Cutter. I use Xikar or Palio.


----------



## Incognito11 (Jul 18, 2013)

Take a look at the "Butterball" & "BuffleHead" from Berger Argenti
...After trying to cut those bastards i will forever punch the big guys
Although several times i have used a sharp blade to cut a V into the back when no other tools available and honestly it has worked VERY well


----------



## Incognito11 (Jul 18, 2013)

don24 said:


> for big gauges I use the v cutter but I cot two or three times at a few angles giving a kinda star shape.

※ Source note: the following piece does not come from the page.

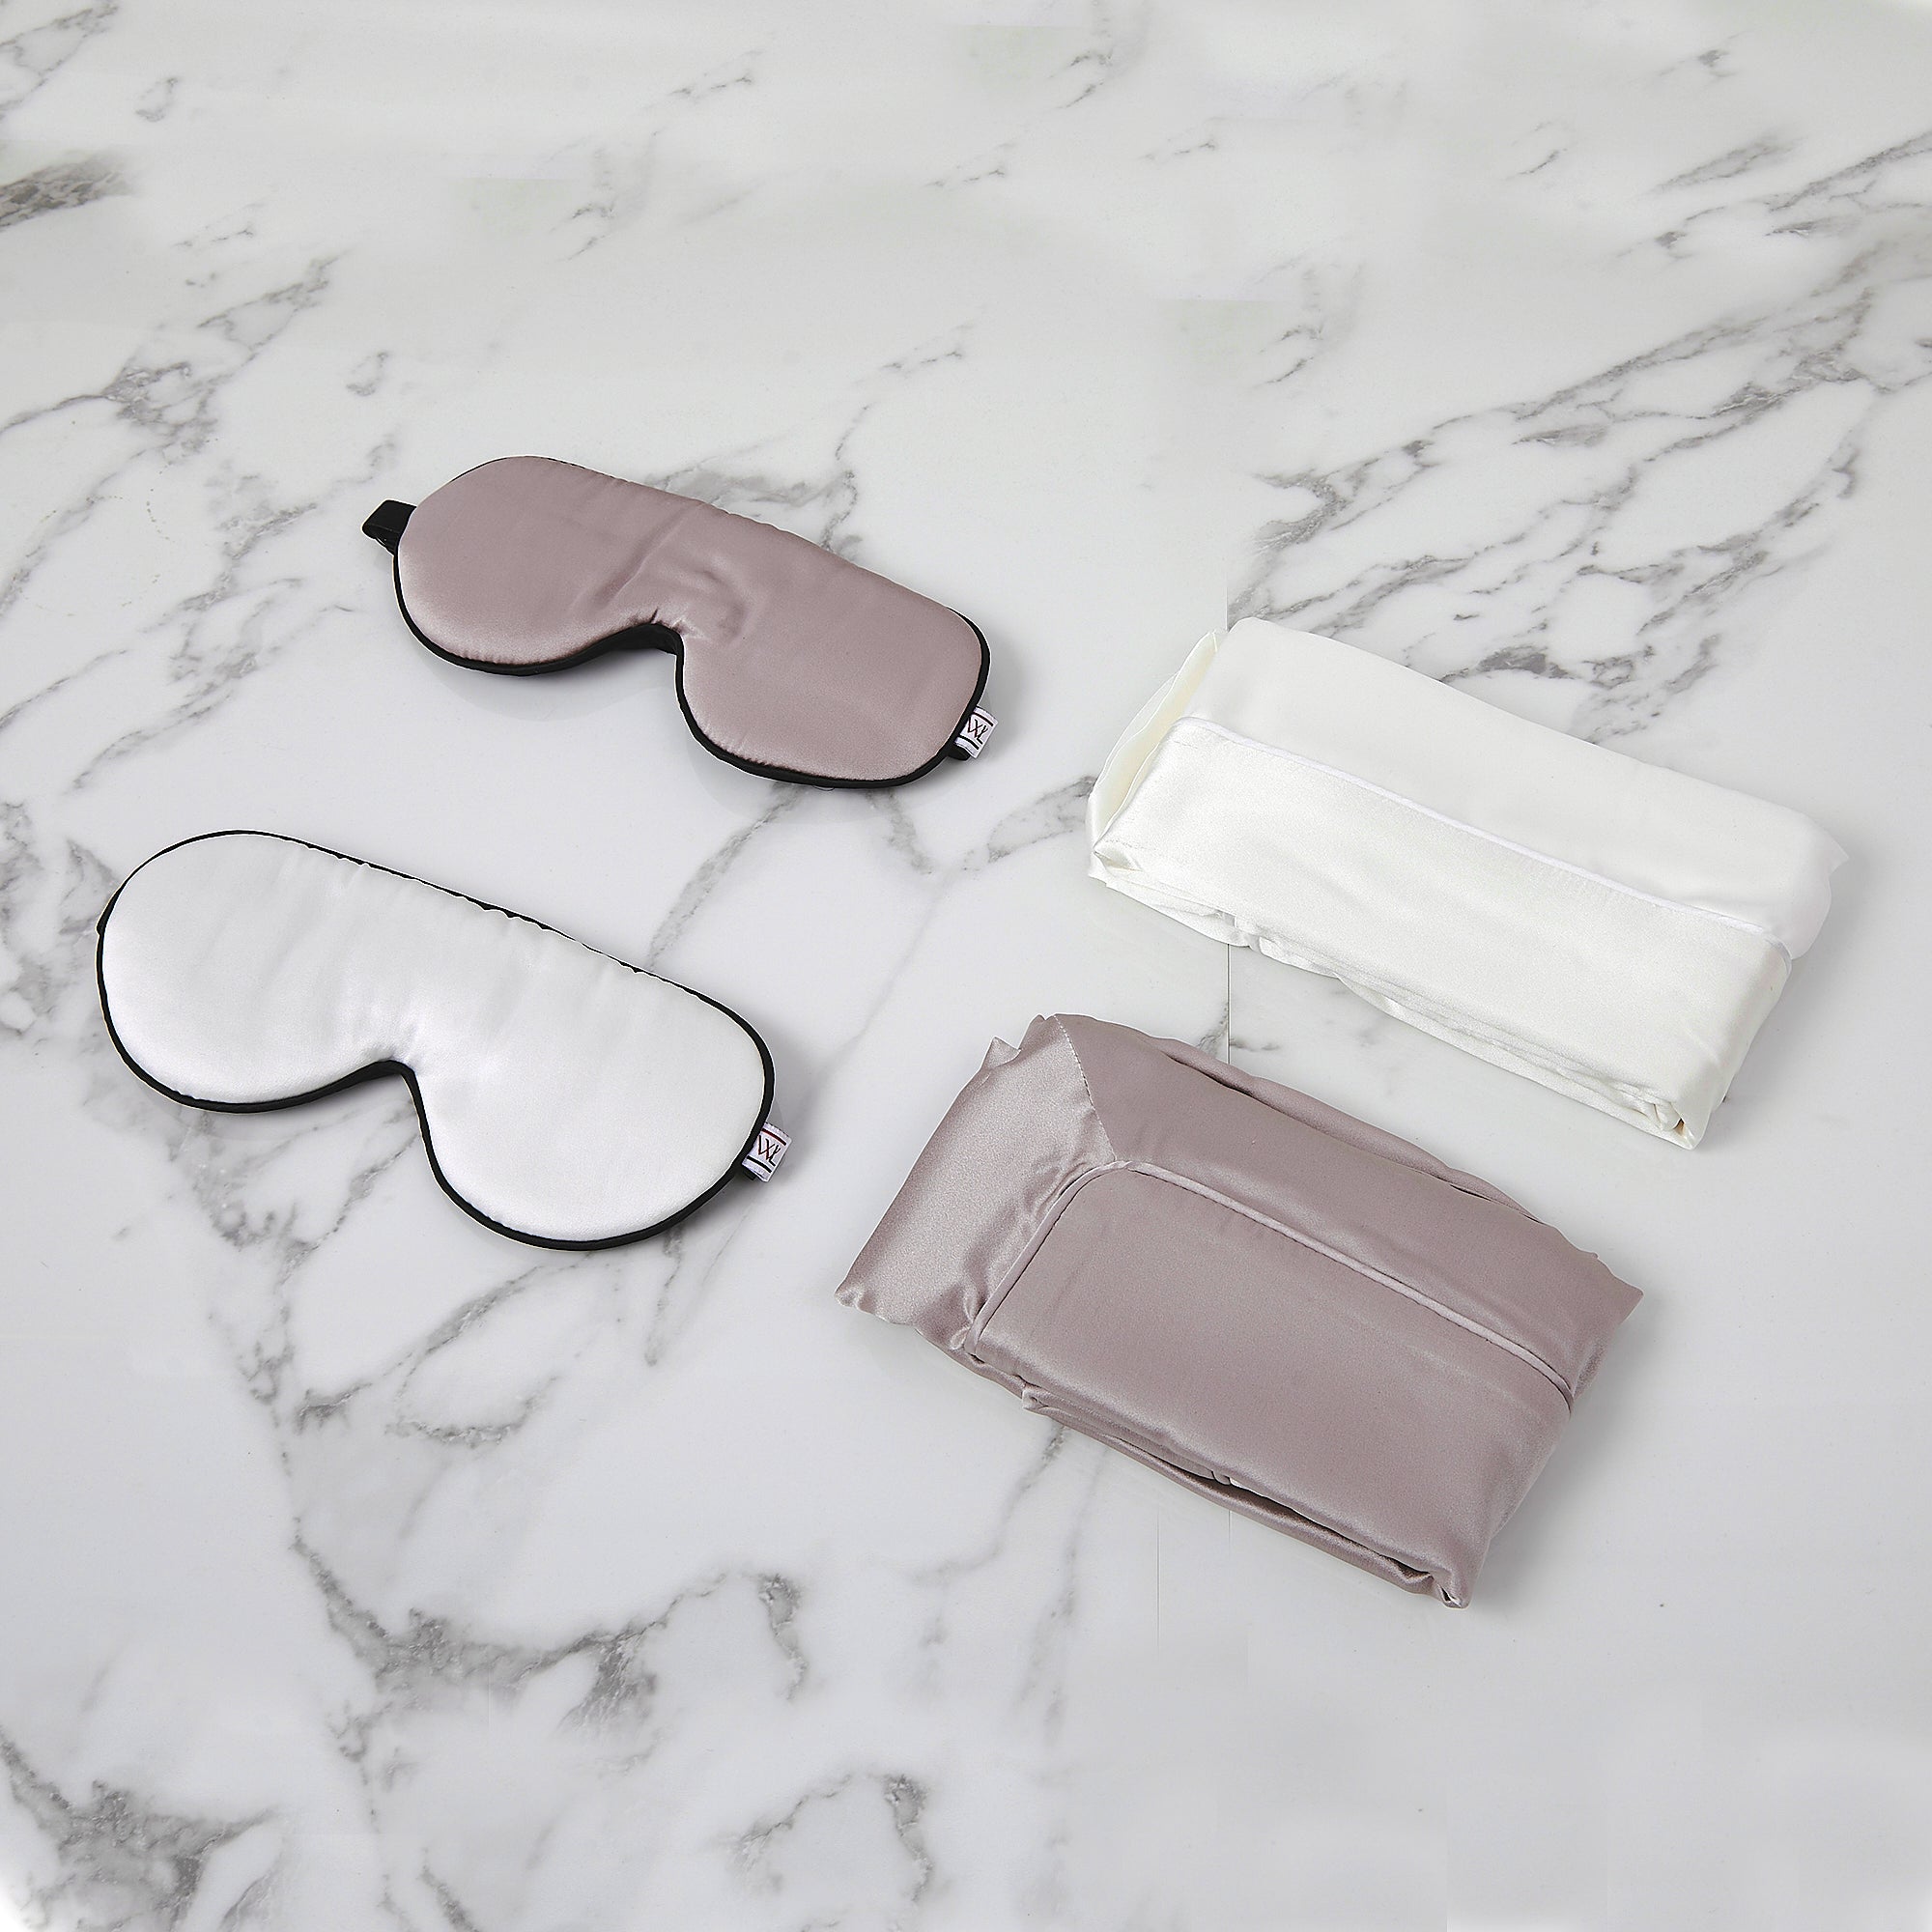 A photo of a pearl grey silk eye mask and pillowcase and a white eye mask and pillowcase  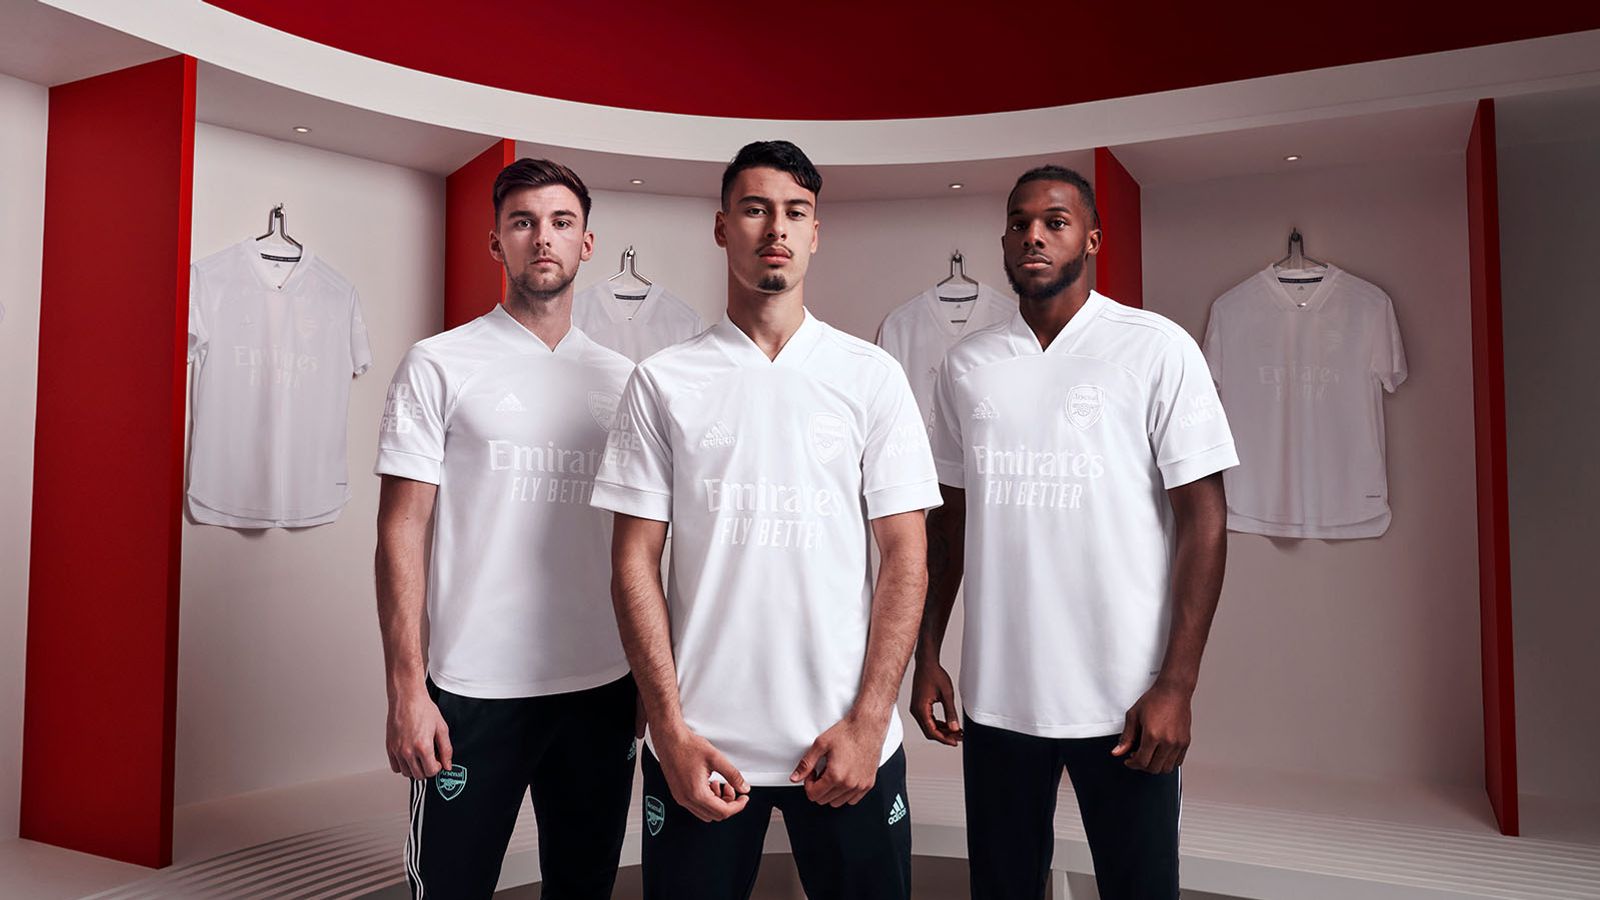 Arsenal removed red from jersey and play in all-white to raise awareness for the rise in knife crime in the UK.

Very interesting. Do you have much problems with the cut side degrading as the smoke goes on? would love to see a picture in action!


----------



## don24 (Apr 1, 2012)

Incognito11 said:


> Very interesting. Do you have much problems with the cut side degrading as the smoke goes on? would love to see a picture in action!


no not at all. but I tend to be kinda anal about keeping the cap dry while I smoke and I believe this is a big factor in it staying together. man do I hate a gooey cigar going it my cake hole.


----------



## Incognito11 (Jul 18, 2013)

don24 said:


> no not at all. but I tend to be kinda anal about keeping the cap dry while I smoke and I believe this is a big factor in it staying together. man do I hate a gooey cigar going it my cake hole.


haha "man do I hate a gooey cigar going it my cake hole." TRUTH


----------